Saturday, January 4, 2014

Better Than the First One

Farm Boy by Michael Morpugo

Adolescent Fiction

This is a sequel to War Horse but it was so different that it almost seemed to be written by different authors.  It is a sequel, but the books have completely different styles and feelings to them.  I loved Farm Boy and only kind of liked War Horse.  Farm Boy is 1/2 illustrations and 1/2 story, a quick and easy read. 

The story is about Albert's son, who is now grown up and an old man.  He reminisces on  his life with Joey and Zoey after the war, which took place in the first book.  The great-grandson of Albert has come to stay for the summer with his grandfather, a man with a secret he's been hiding his whole life.  The grandson spends his summer helping his grandfather with this secret and listening, probably not for the first time, of stories of the old man's younger days.  The main story centers around one incident when a bragging neighbor bet that his new tractor could cut a field of hay faster than the old man and his two old farm horses.  It is like a tortoise and hare retelling, really, with "modern" farm machinery against traditional values of man and beast. 
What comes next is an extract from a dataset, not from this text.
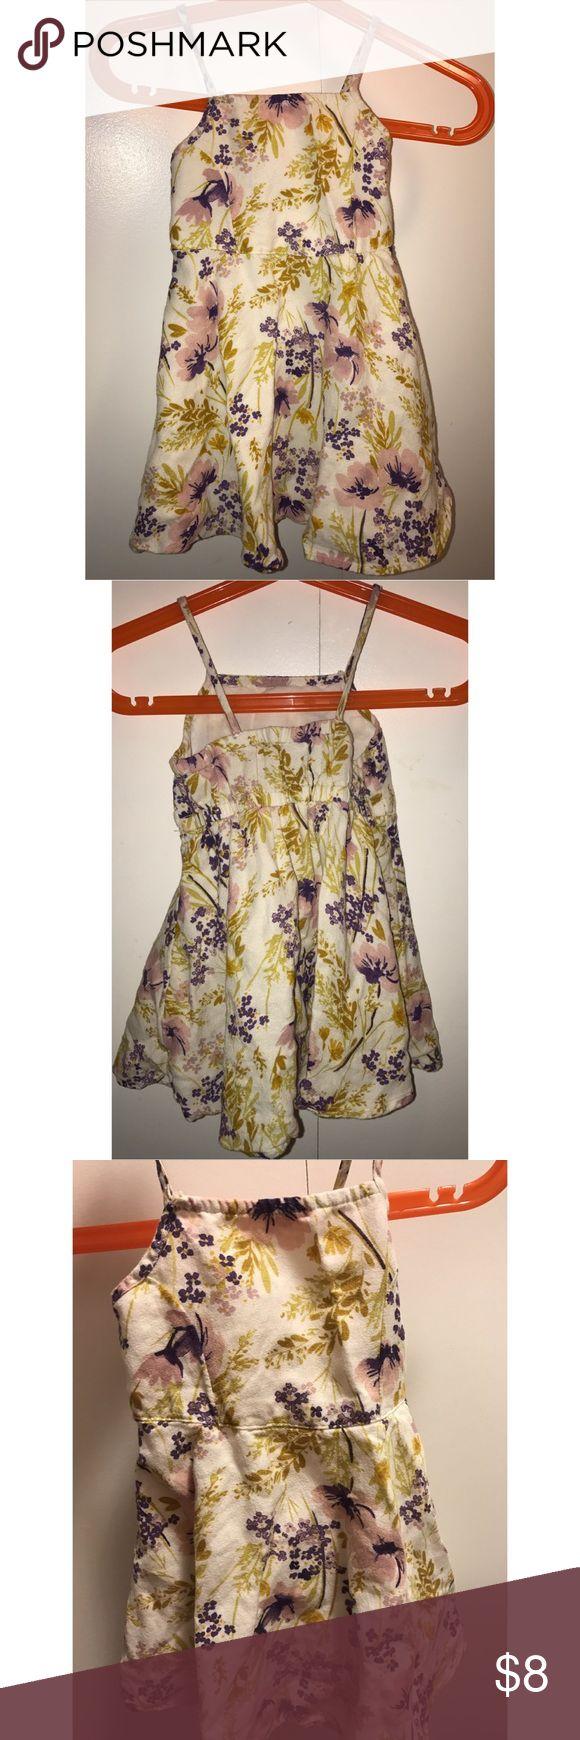 12-18 Months Old Navy Dress Mustard floral summer dress Old Navy Dresses Casual

I was crying by page 20 and that lasted all the way to the last page.  I really liked this story.  It was such a fast read, more like a short story than a novel.  The illustrations reminded me of another childhood favorite, The Little House on the Prairie series.  The story reminded me of my own youth, long summer drives with my own grandmother listening to the stories of her youth.  It was sweet and touching and a beautiful story to share with young people.